Il grande salone, capace di contenere tutta la “famiglia” (termine con cui si indicavano anche tutti i dipendenti del signore) era il locale attorno al quale la vita della dimora di campagna ruotava. Qui il signore si mostrava quotidianamente nel suo splendore, assiso al posto d’onore al centro della cosiddetta tavola alta, collocata su di una pedana rialzata lungo una parete di fondo. Il rimanente della “famiglia”

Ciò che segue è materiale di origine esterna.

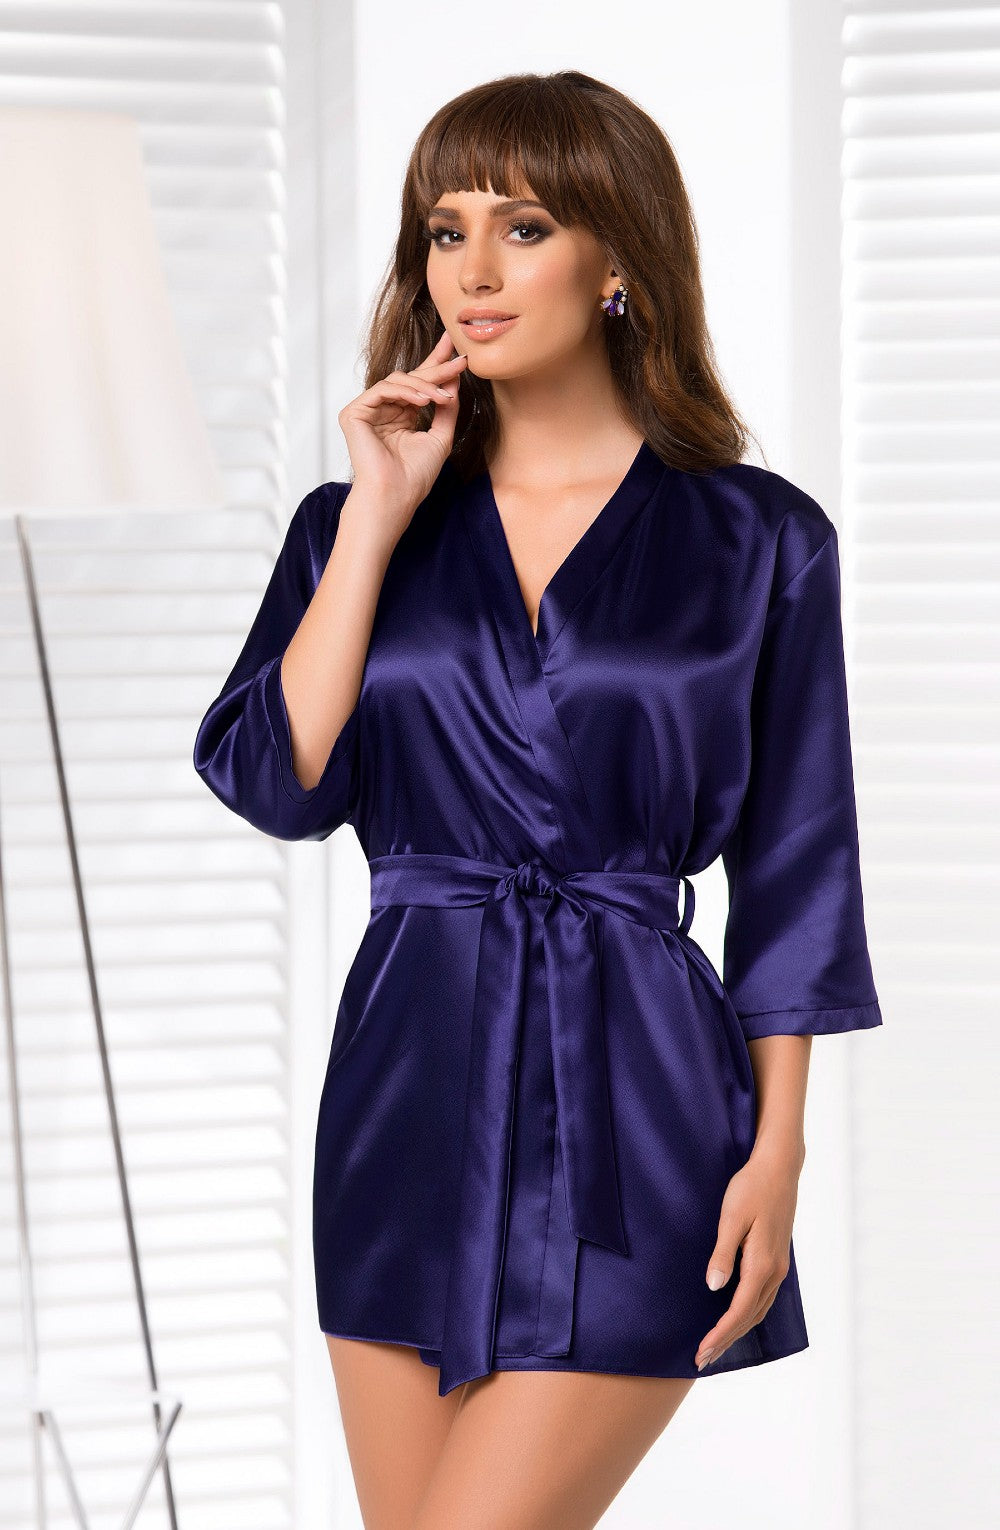 Vibrators, Sex Toy Kits and Sex Toys at Cloud9Adults - Irall Aria Dressing Gown Navy - Buy Sex Toys Online

prendeva posto, in ordine decrescente di importanza, ai due lati del signore, e quindi alle tavole lungo le pareti laterali: al centro delle quali erano collocate le saliere, e
trovarsi “sopra” o “sotto” il sale è una frase indicativa di qualifica sociale tuttora viva nella lingua inglese.
I grandi saloni erano rettangolari, e la quarta parete, unica contro cui non fossero disposti tavoli – il braccio libero della U – cominciò in epoca Tudor a ospitate una sorta di costruzione caratteristicamente inglese, detta screen, schermo o transenna.
Può darsi che l’origine degli screens Tudor fosse anch’essa medievale.
In epoca Tudor lo screen serviva a ridurre le dimensioni del salone separandolo dalle cucine e fornendo al contempo un passaggio fra due stanze o cortili laterali. Si trattava in pratica di una parete di legno con due porte; questa parete non arrivava fino al soffitto, ed era spesso sormontata da una galleria praticabile. Costituiva anche una specie di fondale decorativo per il salone, adorno di intagli, nicchie per statue, ecc.
Era in questo spazio – la U dei tavoli, con le autorità al centro del braccio più breve; e il fondale costituito dallo screen, con le due porte – che avvenivano nel Medioevo, durante i banchetti, le esibizioni di giocolieri e menestrelli; e più tardi, una volta che se ne fu diffuso l’uso, quelle di vere e proprie piccole troupes di attori. Il dramma storico elisabettiano Sir Tomas More di Anthony Munday (c. 1592) ci mostra una troupe del genere, ingaggiata per una rappresentazione di contorno a un banchetto in onore del sindaco di Londra; l’epoca è il regno di Enrico VIII. Gli attori si trovano in difficoltà: manca una barba finta, e l’uomo mandato a cercarla non è pronto quando viene il suo turno. Allora lo stesso padrone di casa, il potente Lord cancelliere, si alza e improvvisa la parte, sostituendo l’assente. Ma poi l’annuncio che il banchetto è pronto fa rinviare il resto della commedia a più tardi.